Twisted Impedance

Simple approximations cannot model the proximity effect.

Oliver Kent of Muirhead Aerospace Ltd recently commented on my formula for twisted-pair line impedance (Figure 1). “I am using coated wire with 1.3-mm outer diameter and 0.95-mm inner diameter,” Kent wrote. “The insulation is PTFE [polytetrafluoroethylene] with a dielectric constant, εR, of 2. Your formula contains the term ln((2S)/D). That term gives a negative value when twice the wire separation over the conductor diameter is less than 1. I appreciate any help or advice you could give regarding this matter.”

Kent may be interpreting the the spacing parameter, S, as the distance between two wires. I don't. In my system of units, I define S as the spacing from center to center (Figure 1). The spacing therefore always exceeds the diameter, so the ratio 2S/D always exceeds 2, and the logarithm cannot go negative. That should clear up much of Kent's difficulty, but there's more to the story.
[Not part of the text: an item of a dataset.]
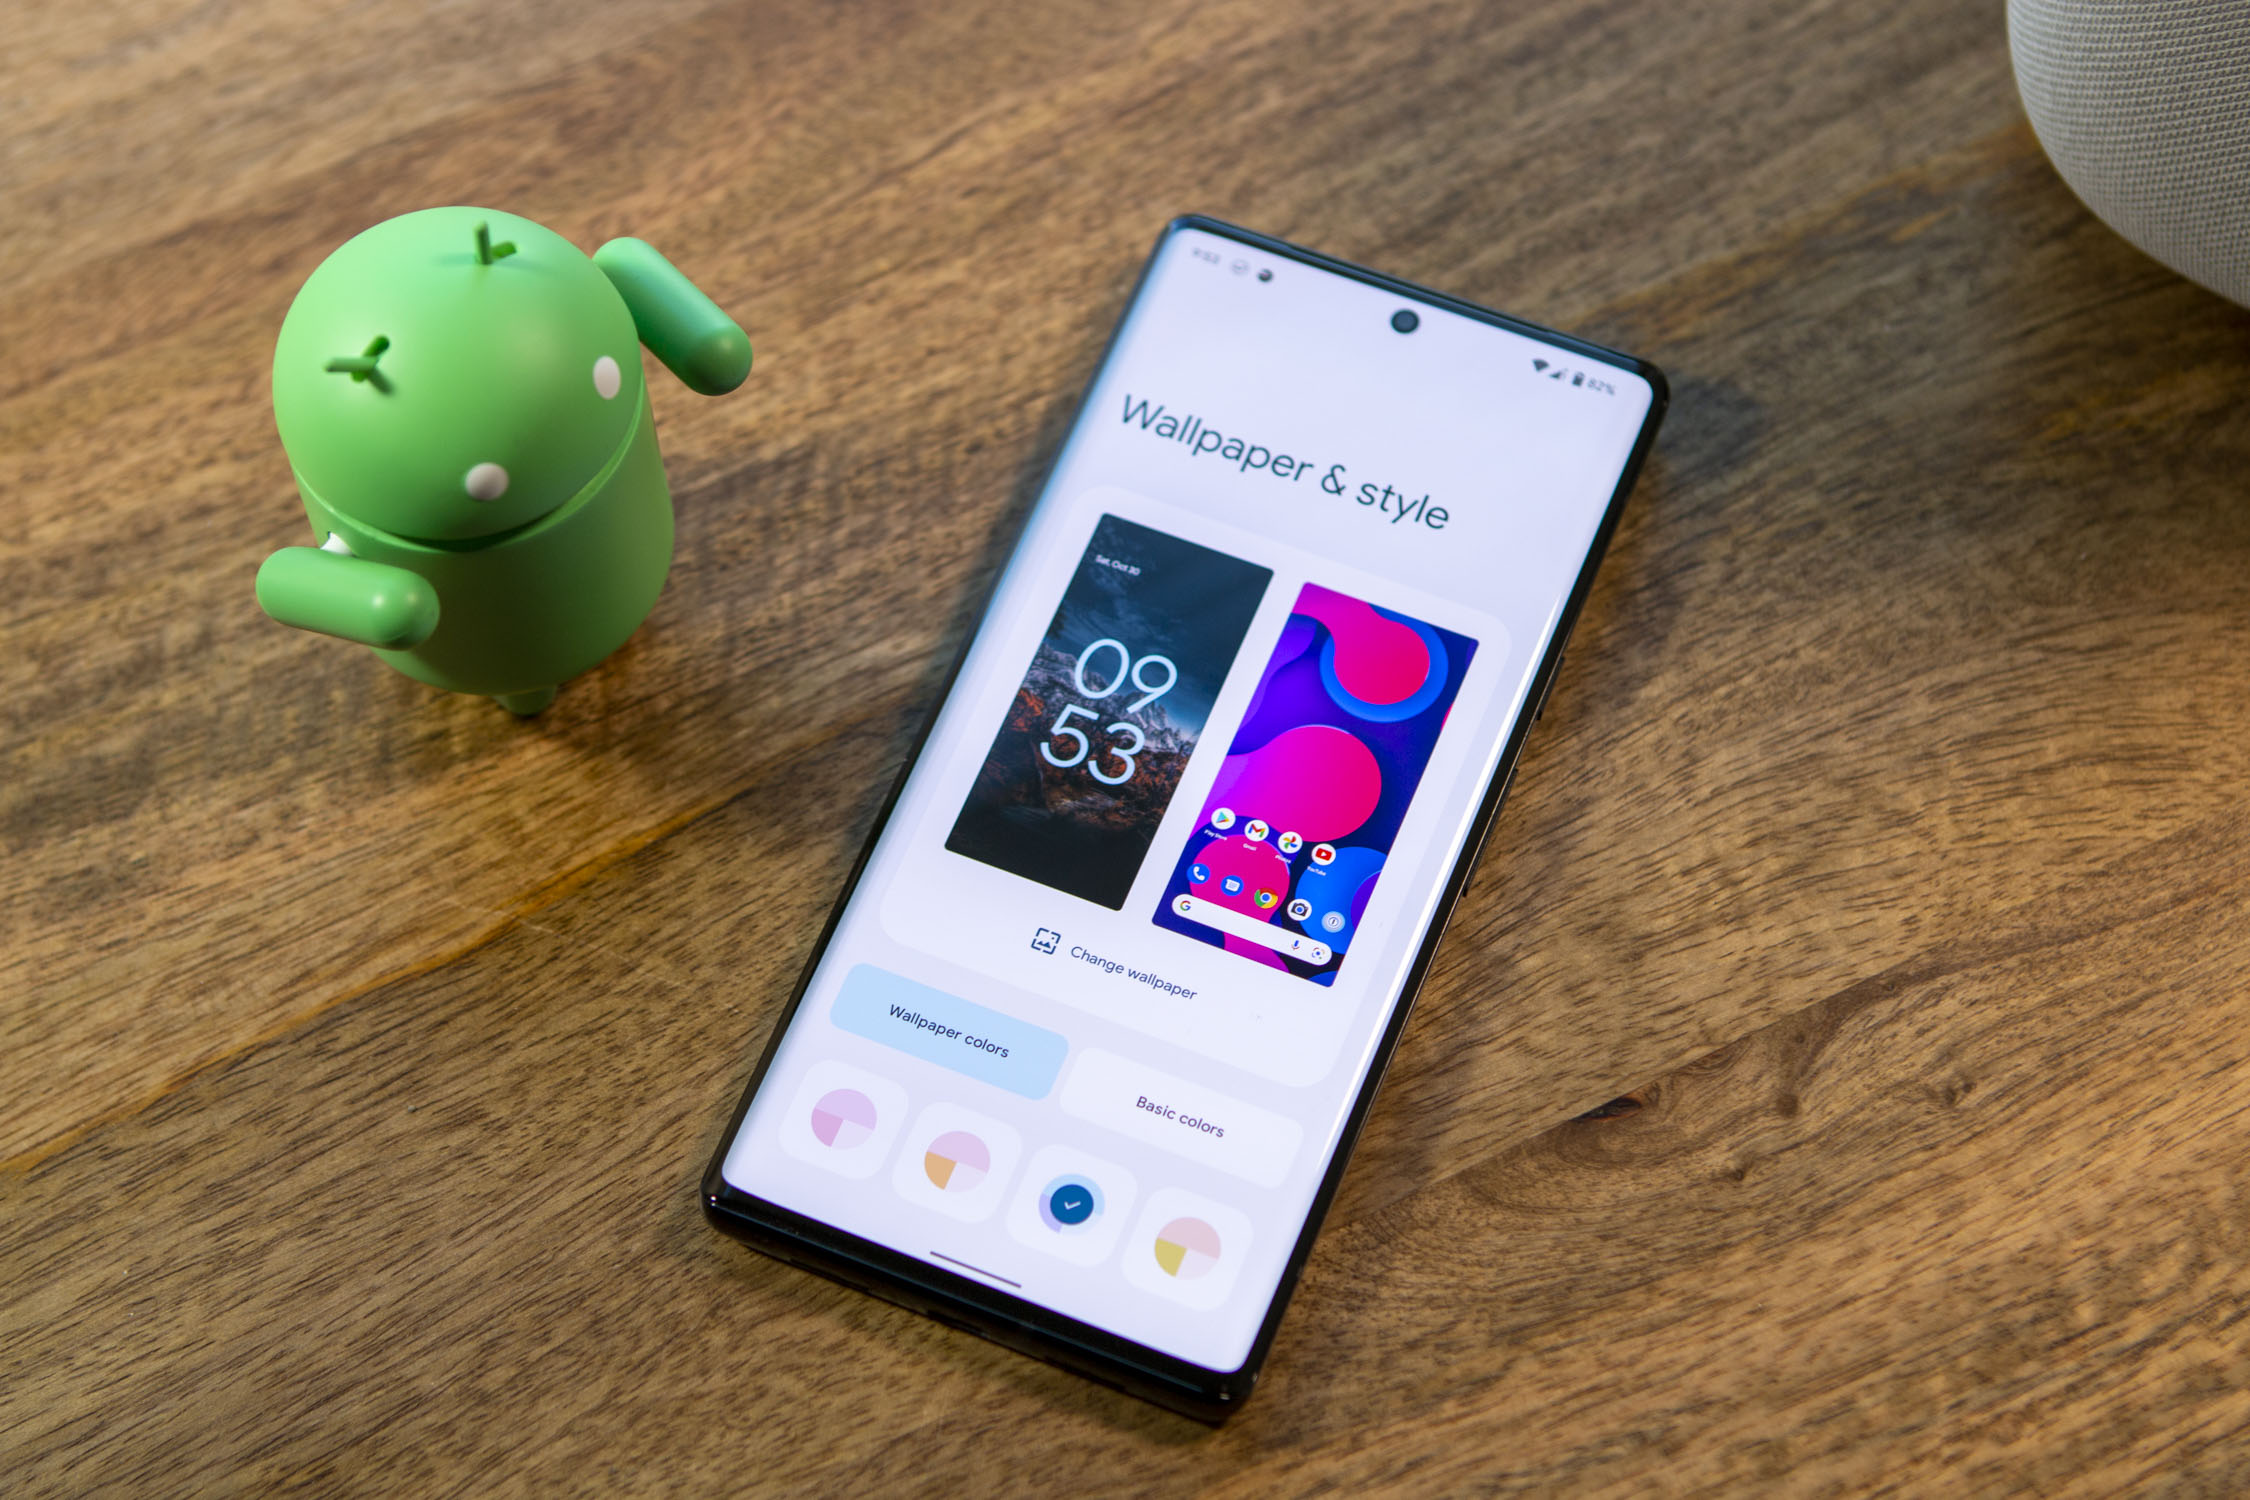 Google Pixel 6 tips: Make your new Pixel phone better with 10 easy

The simple approximation in Figure 1 is certainly not perfect. In the real world, if you could press the wires closer and closer together, the impedance would plummet to zero. The approximation doesn't show that result. In the equation, when the metallic conductors touch with S equal to D, the term ln((2S)/D) gives a minimum value of ln(2)=0.693, which is incorrect.

I derived the approximation for use only in cases with a reasonably large spacing between wires, in which you may assume a uniform distribution of current around the periphery of each conductor. In a situation with closely spaced wires, the “proximity effect” generates a non-uniform distribution of current, with the greatest preponderance of current occurring on the inside-facing surfaces of the two conductors. Because the simple approximation does not take into account the proximity effect, it overestimates the impedance in situations with closely spaced wires.
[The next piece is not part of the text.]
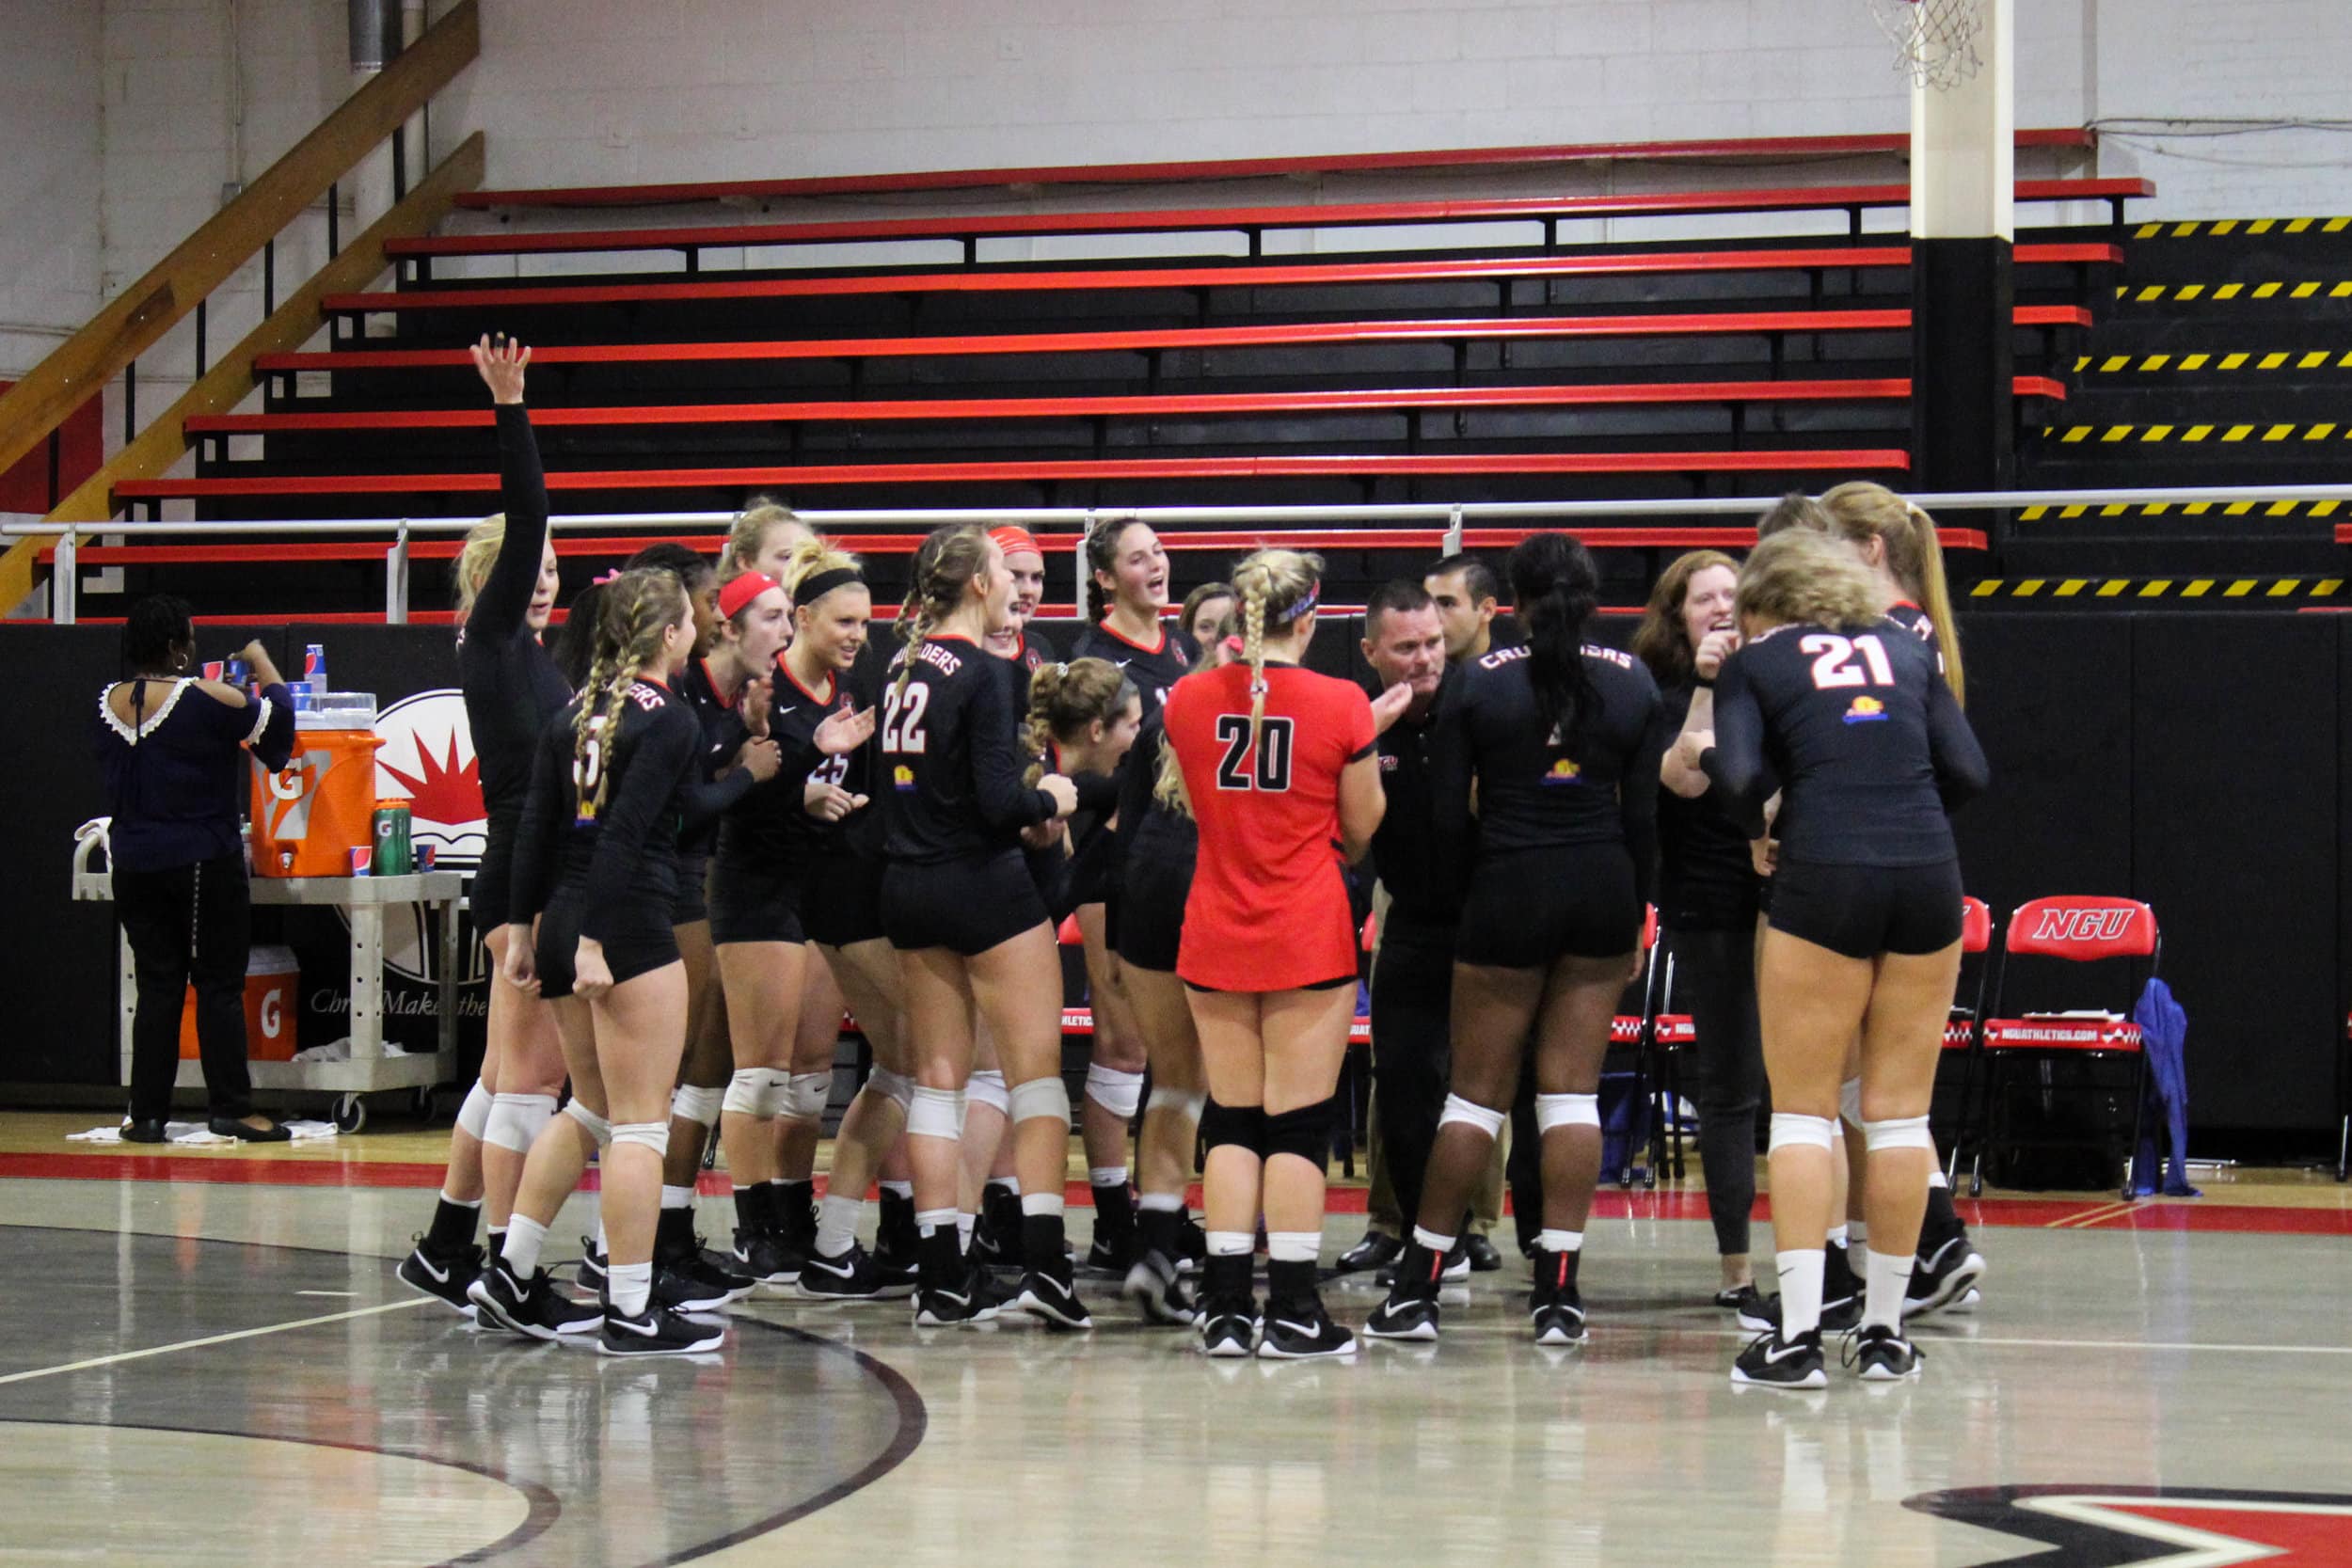 After winning a set, the NGU womens volleyball team huddle together to cheer on the players that were on the court.

For ordinary twisted-pair wires in a 100Ω configuration, the ratio S/D is approximately 2. The redistribution of current due to the proximity effect in that case remains fairly modest, producing only a 15% increase in effective resistance and a negligible effect on impedance. In Kent's case, the proximity effect will be more noticeable.

Another difficulty with the approximation involves the concept of “effective dielectric constant.” The fields surrounding the wires exist partly in the dielectric insulation and partly in the air surrounding the whole configuration. The effective dielectric constant, therefore, lies between that of air, which is 1, and that of PTFE, which is 2. The exact value takes into account the relative proportions of field energy in those two substances.

Unfortunately, unless you have a 2-D field solver handy, you can't know in advance the relative proportions of field strength in air and insulation, so you can't compute, from first principles, the effective dielectric constant. In that case, you should measure the velocity of propagation on a sample cable and use that measurement to determine the effective dielectric constant. The effective dielectric constant equals:

εR=(c/v)2

Where:

  • eR is the relative dielectric permittivity, a dimensionless number,
  • c is the speed of light (2.998E+08 m/s), and
  • v is the transmission velocity of your sample cable, in m/s.

Once you have obtained a value for the effective dielectric constant, plug that value into the approximation to determine the expected impedance and, more important, the expected change in impedance with changes in geometry. The effective dielectric constant does not vary much with small changes in the wire geometry.